からだ

食べ物が飲み込みにくい? 歯科医師に聞く「唾液を増やす対策」。

  • 撮影・岩本慶三 イラストレーション・川野郁代、山下カヨコ

食材によっても唾液は増える。ならば、利用しない手はない!

唾液分泌の機能を衰えさせないためには、「ダメな食習慣を断つ」「唾液腺を刺激して出方をチェックする」といったことを、日々心がける。加えて、“唾液力”をアップする食材を取り入れるというのも、ひとつの手。たとえば、
「一番簡単に唾液を出すなら、梅干しを目の前に置くこと」と、宝田さん。単純なようだが、これは脳の高次機能に関連していることなのだという。

唾液を増やす、酸味食材とガム。

梅干しやレモンの酸味を記憶しておくと、想像するだけで唾液が出るように。

「味覚に障害を持つ患者さんが語っていたのは、『今は味を感じられなくても、過去の記憶で食べている』ということ。

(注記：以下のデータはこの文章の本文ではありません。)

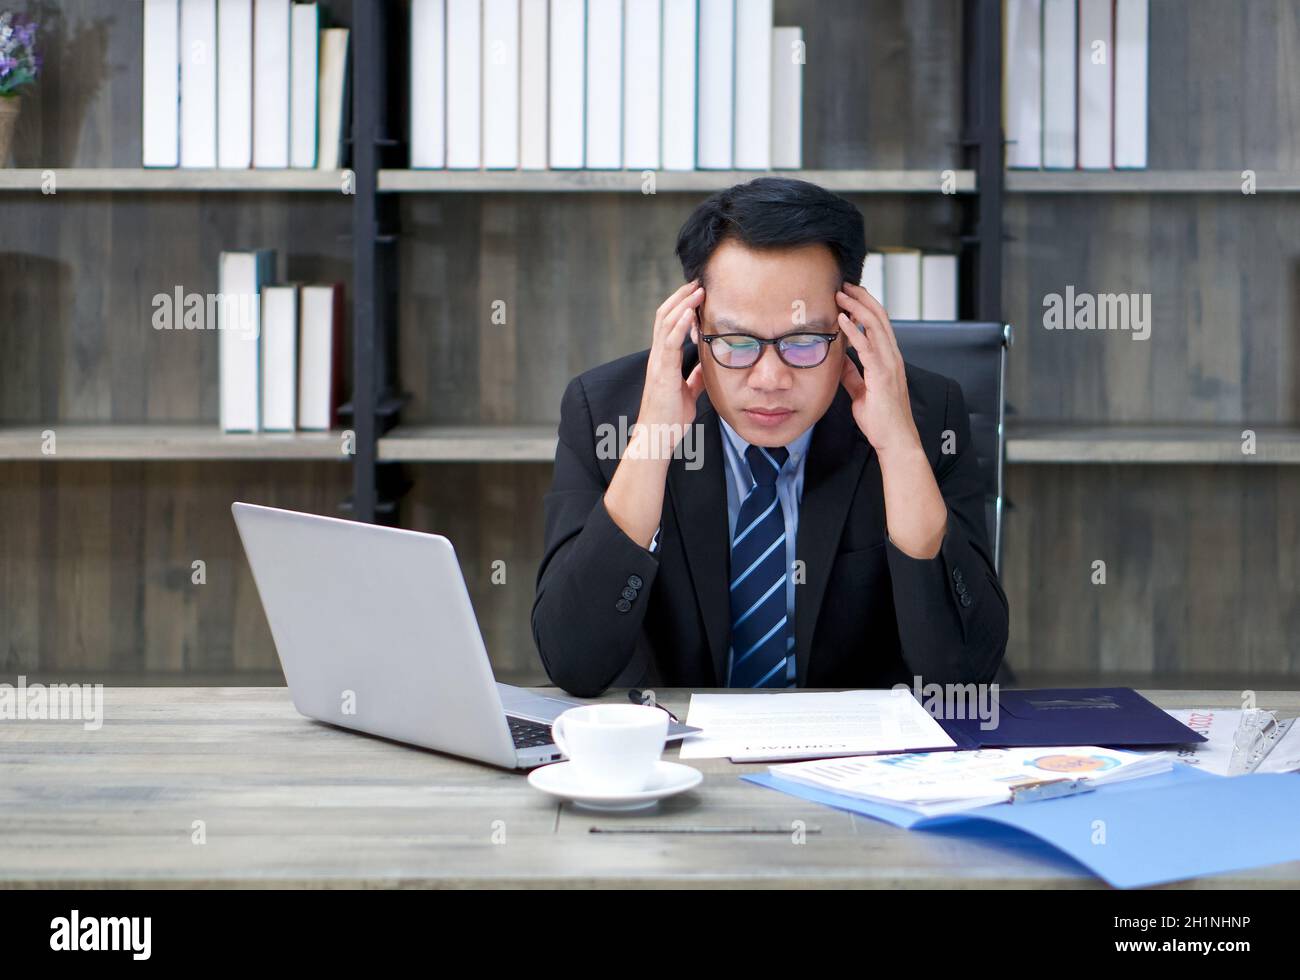 Sad Asian businessman holds his temple with both hands, sitting in the office. The concept of unemployed, sadness, depressed and human problems. Stock Photo

人間は五感で味を記憶しているもの。だから、梅干しやレモンは見るだけで口元がすぼむんです」実際に噛むという行為を強化してくれるという意味では、ガムも効果的。
「キシリトール入りのガムであれば、そしゃく力を強くできるうえ、虫歯の予防といった面でも期待ができます」

キシリトールには酸で溶け出した歯の再石灰化増強の働きが。ロッテでは、1回2粒5分、1日7回嚙むことを目安としている。

“唾液力”を最大限に活用する食材。

唾液の力を最大限に引き出す3強食材。油揚げは1枚を6つに切ってガムのサイズに。

そしゃく力強化という面でいえば、次の3食材が最強と宝田さんは推す。
「ごはん、もやし、油揚げ。これらは、顎が疲れることもなく長い間噛み続けられる食材です。そして、最後にはたっぷり唾液をまぶして飲み込むことができる。ここが大事です。唾液には、老化を進める活性酸素を抑制する酵素が含まれている。口の中で食材に唾液をたっぷりからめれば、腸にいきつく前に有害物質の影響をも抑えることができるんです。そんな唾液の力をフルに活用しない手はありません」

宝田恭子(たからだ・きょうこ)●宝田歯科医院 院長。東京歯科大学卒業後、宝田歯科三代目院長に。日本アンチエイジング歯科学会監事。著書に『日めくり まいにち、美顔トレ』など。